Computer science uses base-2 (binary) because of similar properties related to how arithmetic works. Base-8 (octal) and especially Base-16 (hexadecimal) is common in software. The former makes it more intuitive to work with groups of 3 in the context of binary numbers, while the latter makes it more intuitive to work in groups of 2, 4, and 8. You can get used to thinking in different bases fairly easily. I think math would come easier for many young kids if they practiced using different number systems explicitly. I never really "got" English grammar (beyond rote memorization) until I began learning Spanish in high school. Spanish class did more to help me understand English grammar than any English class ever did.

wrote in news:h80pad-rkp.ln1@wilbur.25thandClement.com:

*snip*

Good post, well thought out and presented

I thought, though, that CS used base-2 because that was what the hardware did. As I understand transistors and TTL, they natively work with the presence or absence of a voltage, which lends itself to base-2.

Puckdropper

Base 8 and 16 are "shorthand" for base 2. e.g. 14 (Decimal) = 1110 (base 2) = 16 (base 8) = E (base 16).

People don't like 0s and 1s, but computers do, so we have software that translates between various bases. Of course 14 need not just be an numeric value, it could also represent an instruction which tells a computer to increment a register, or to do some other thing.

Bill

Forgot a popular number base - Icono hexadecimal Base 26. Used the alphabet and numbers. This was for large 64 bit and 128 bit parallel processors for the military and used in the 360 by some.

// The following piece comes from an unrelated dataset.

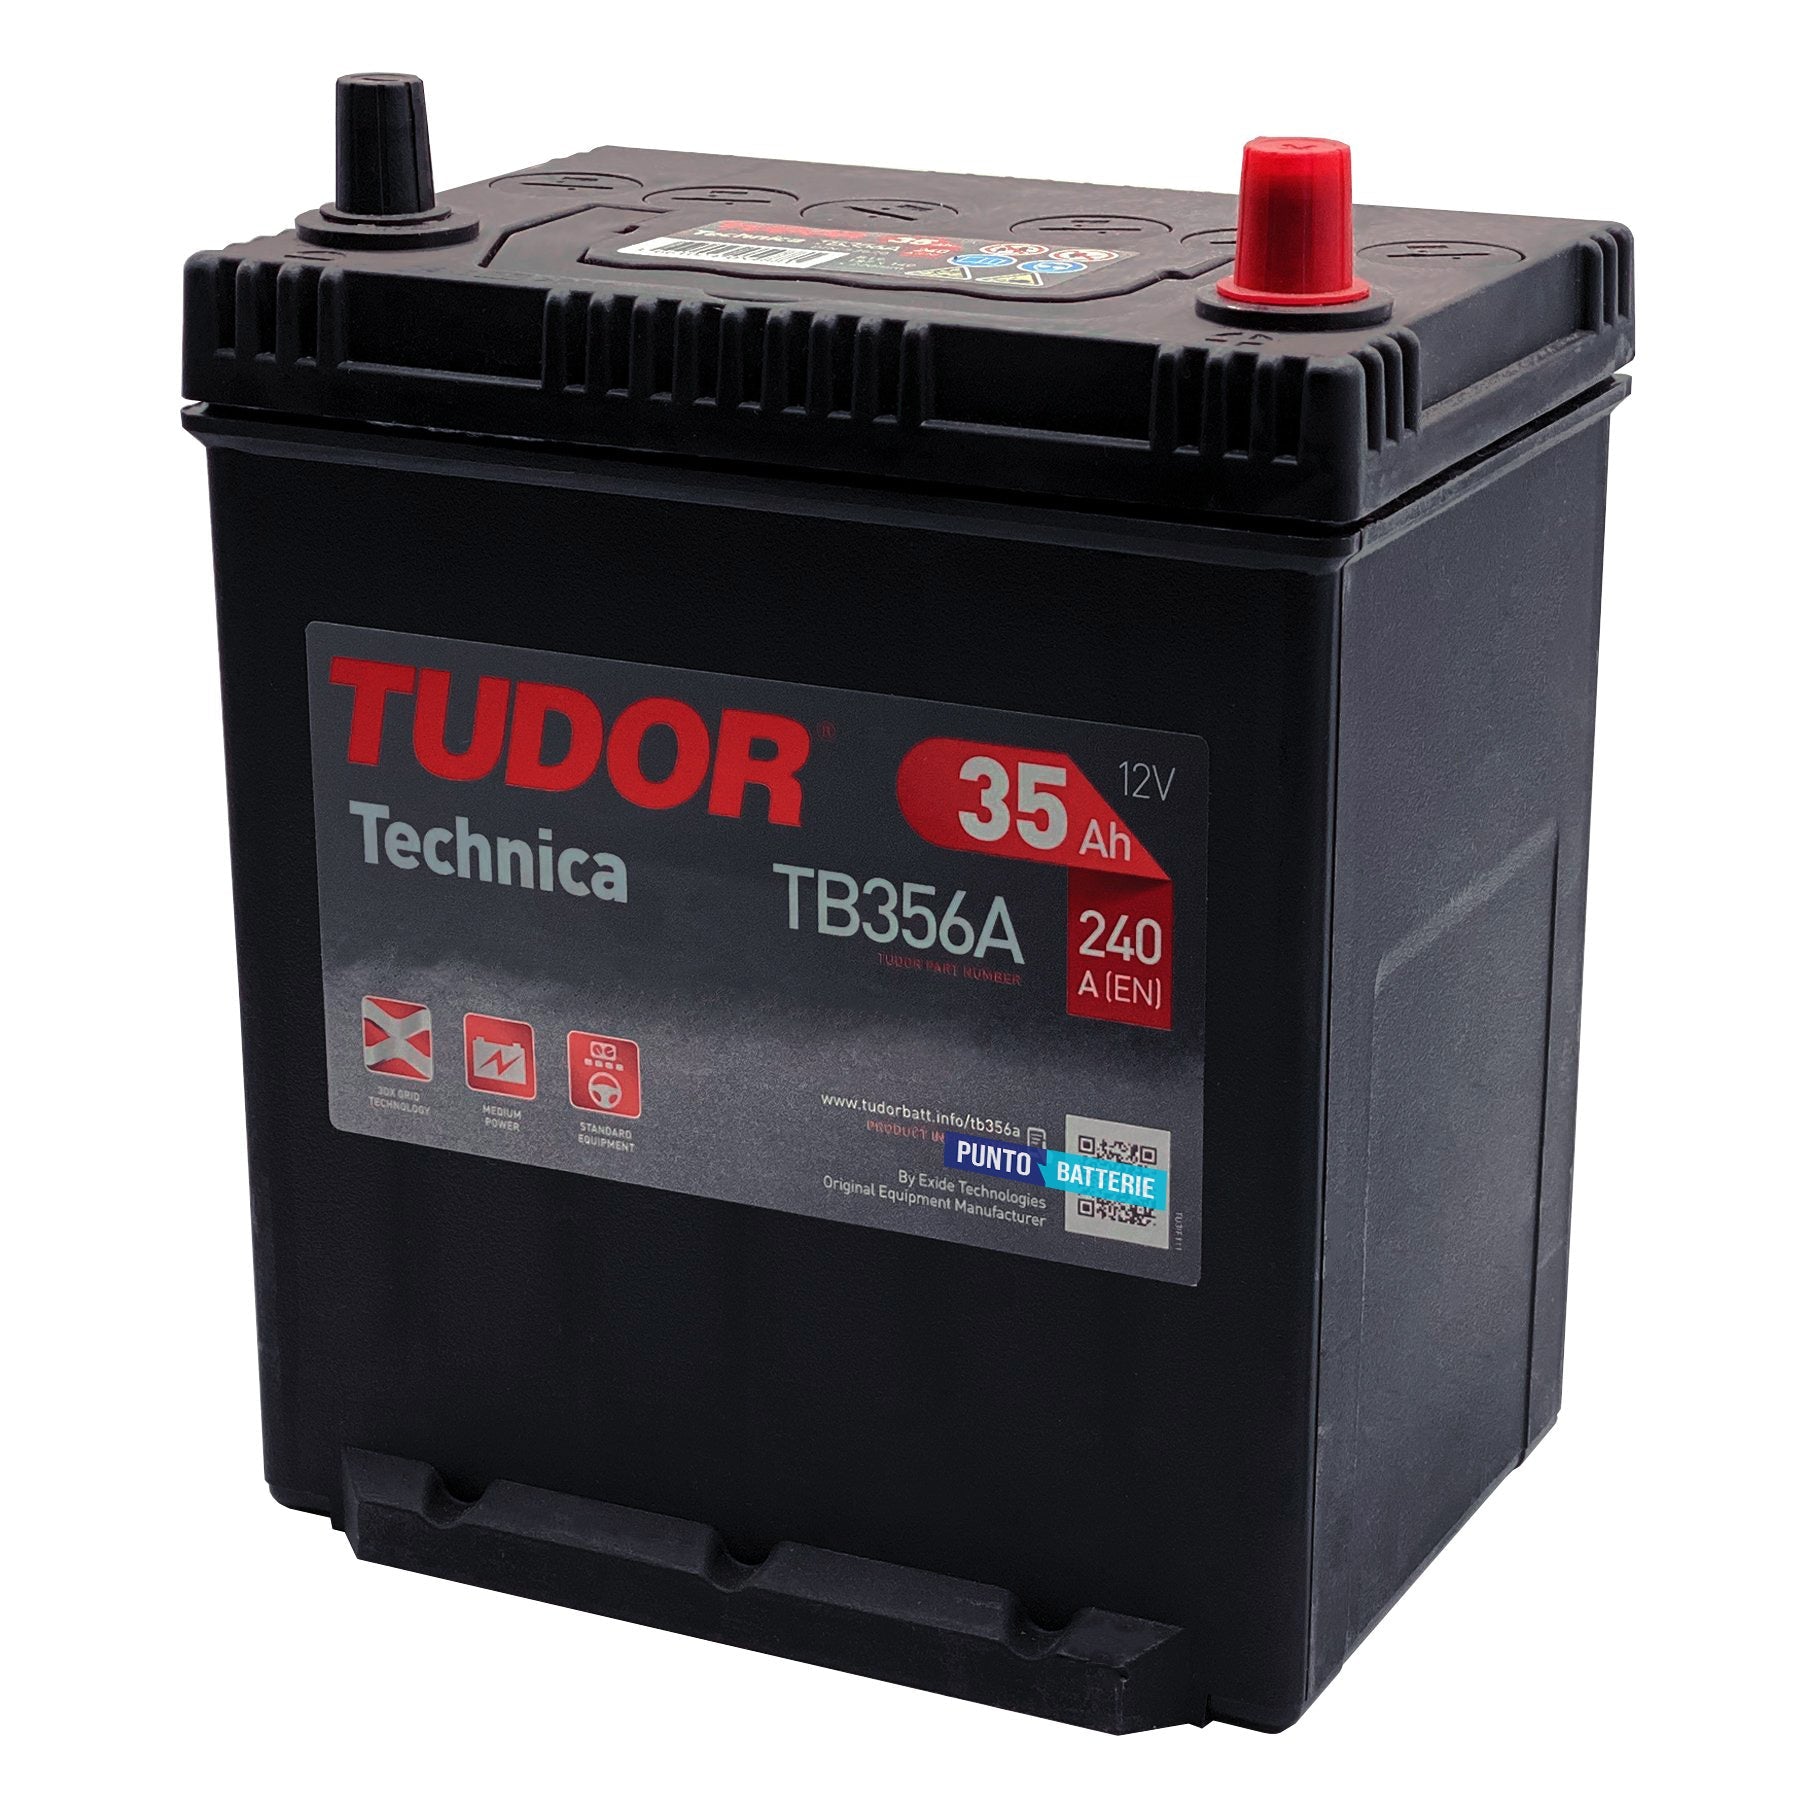 Batteria originale Tudor Technica TB356A, dimensioni 187 x 127 x 220, polo positivo a destra, 12 volt, 35 amperora, 240 ampere. Batteria per auto e veicoli leggeri.

Last I heard, the military division of IBM was closed down. Times change.

Mart> Puckdr>> wrote in

Puckdropper wrote in news:57d9e993$0$55914$c3e8da3$ snipped-for-privacy@news.astraweb.com:

You are exactly correct - computers use base 2 because of the hardware, it has nothing to do with arithmetic (some early computers used base 3, which is easy to implement in an analog computer and does make some arithmetic easier).

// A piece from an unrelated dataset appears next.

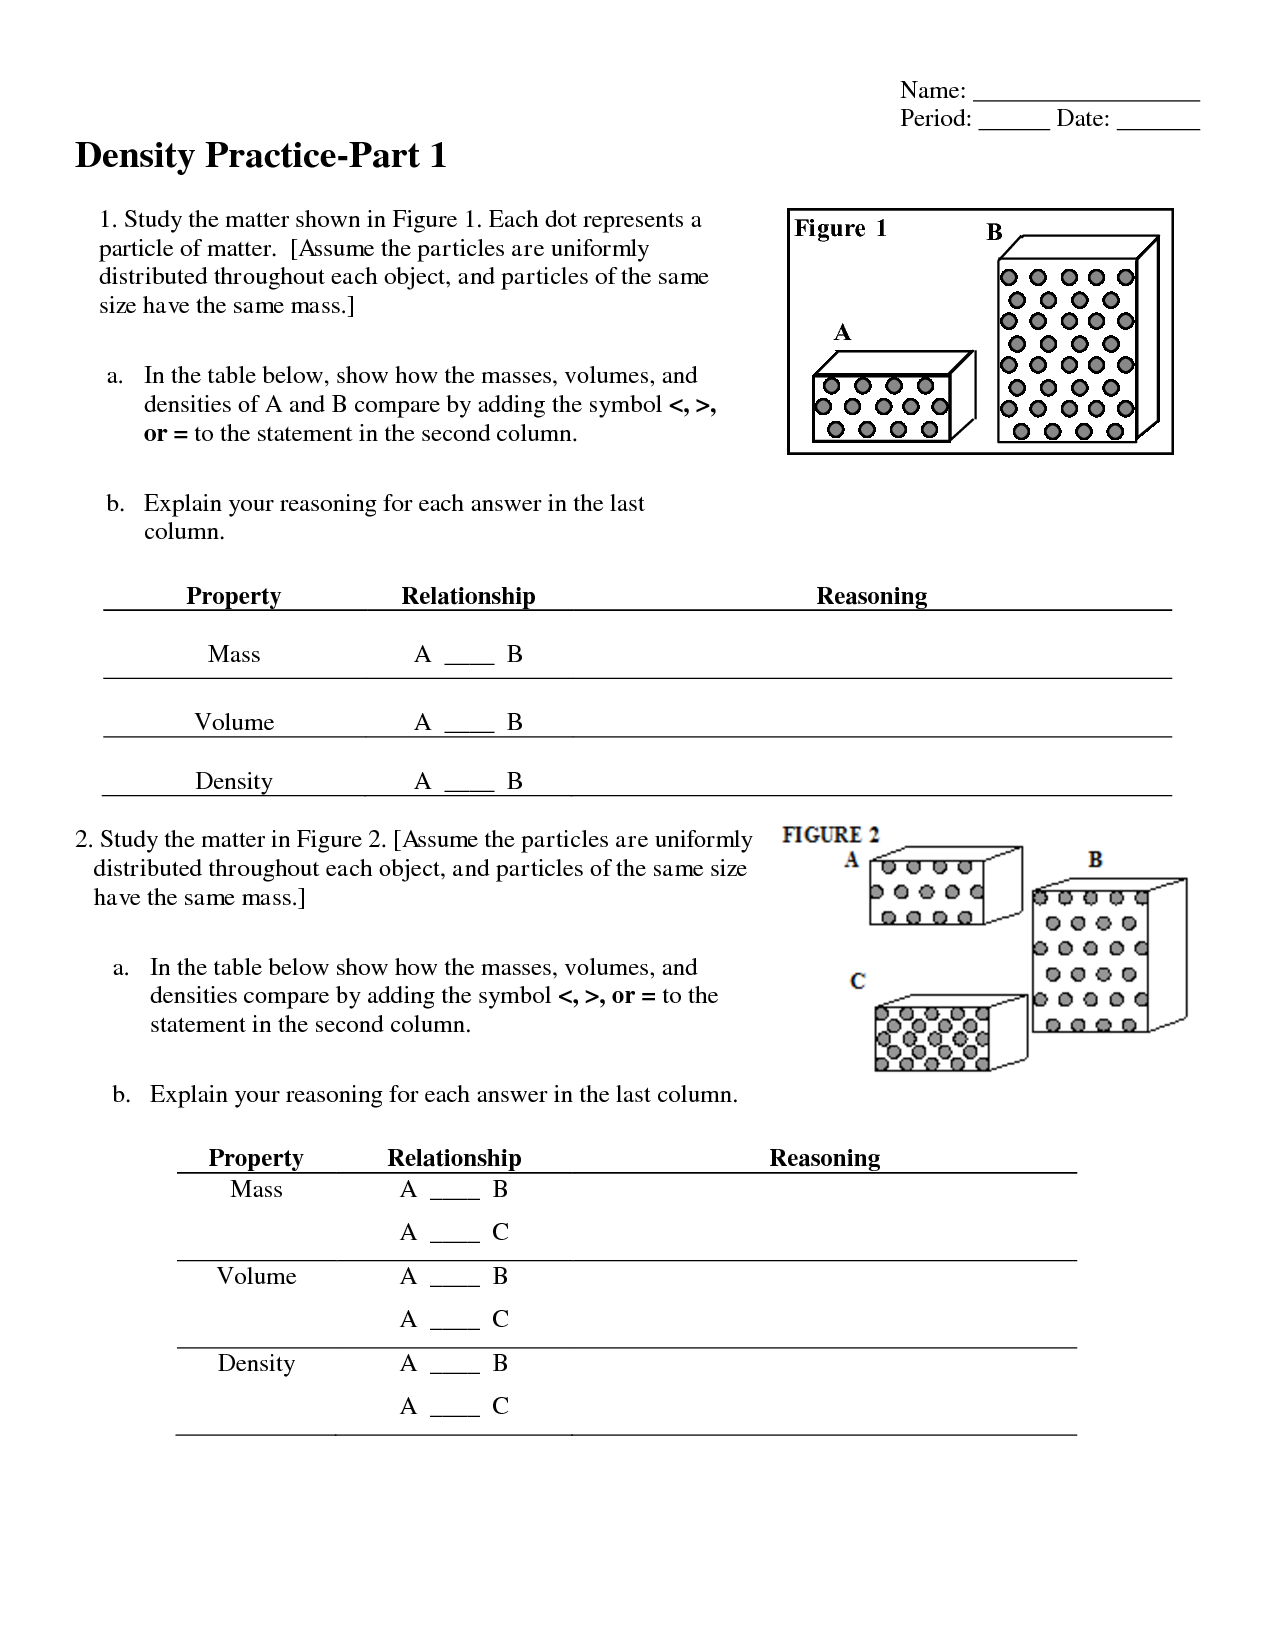 Chemistry Unit 1 Worksheet 3 Answers Image

Programmers use hex (base 16) because it's easier than a whole bunch of 1s and 0s. Experienced programmers can do basic math in hex in their head, whereas no-one can do math in their head with binary numbers bigger than a few digits (other than multiply/divide by 2, of course).

John

Or we can quickly convert binary to decimal, perform the operation and convert back! : ) No prob.

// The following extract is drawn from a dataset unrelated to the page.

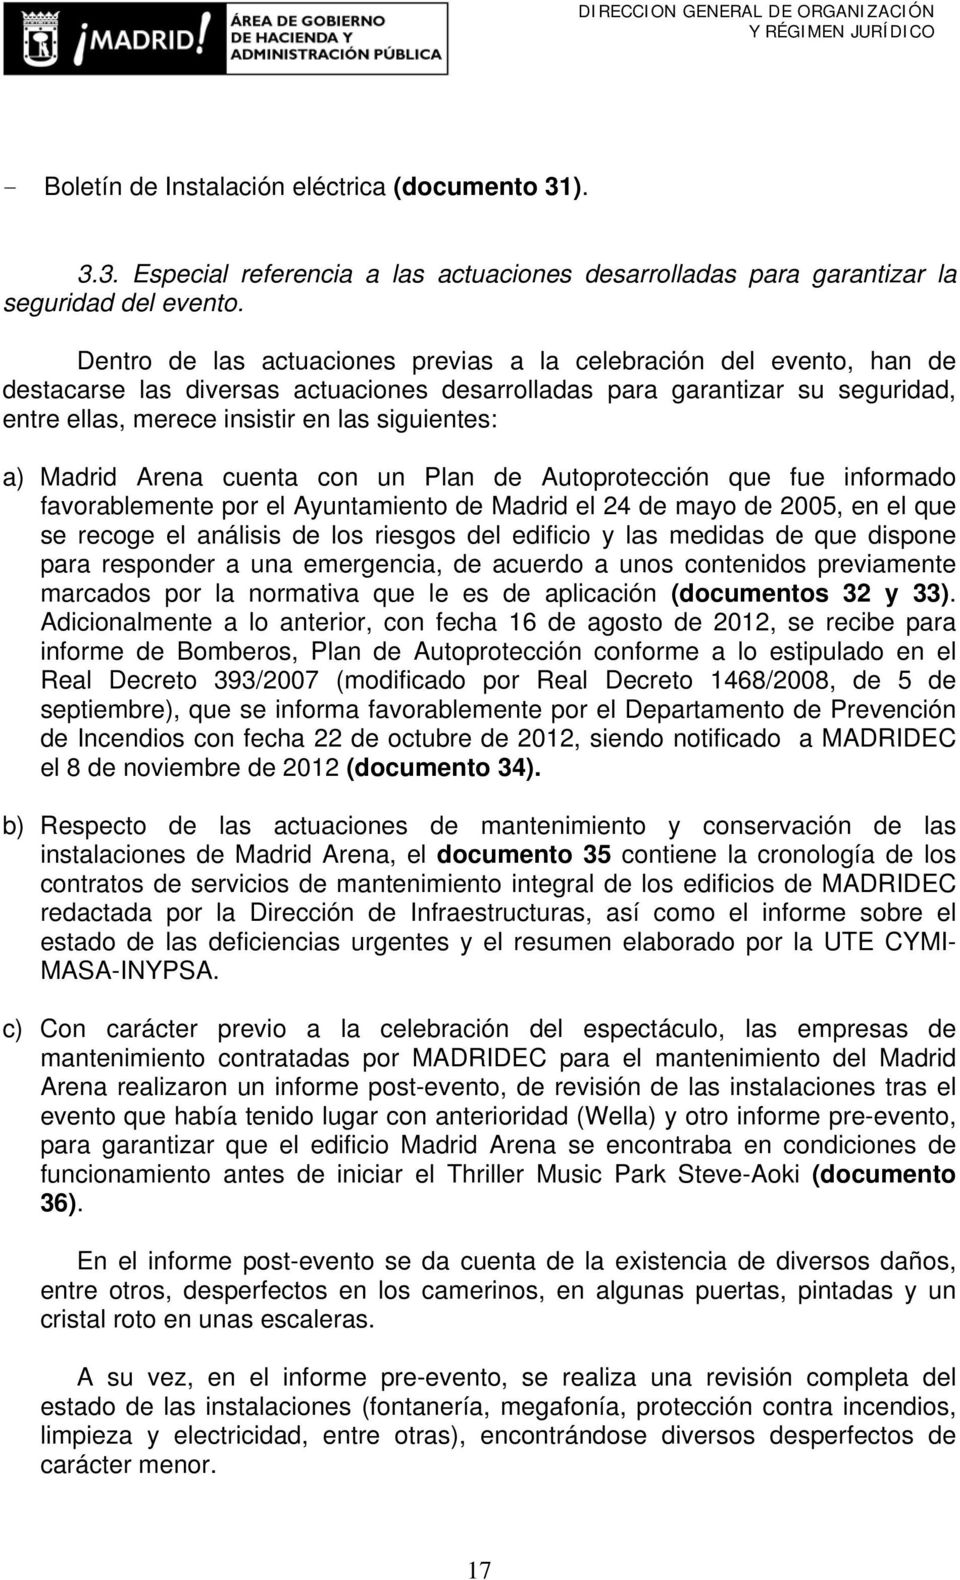 a) Madrid Arena cuenta con un Plan de Autoprotección que fue informado favorablemente por el Ayuntamiento de Madrid el 24 de mayo de 2005, en el que se recoge el análisis de los riesgos del edificio

In most of life, close enough is, well, close enough.

But no one can decide what the base unit should be. Some like microns (micrometers), others use angstroms. That's just the tip of the iceberg, too.

When I'm measuring, I avoid the bookkeeping by deciding on my result ion and then calculate using just the numerator. For instance, if

1/32" is "good enough", I don't use 1/2" or 1/4", rather 16(/32) or 8(/32).

They taught us arithmetic in different bases, up to base-32 (and, of course conversion between them) in fifth and sixth grade.

Shorthand in that it's easier to make binary machines but base-16 is just as much of a base as base-15 is (though neither, in that context are particularly useful except as learning tools).

Note that floating point often uses base-16 arithmetic. Base-2 is just a representation of the base-16.

There are shortcuts with base 8 and 16 since they are powers of 2. base

15 wouldn't be useful in this context.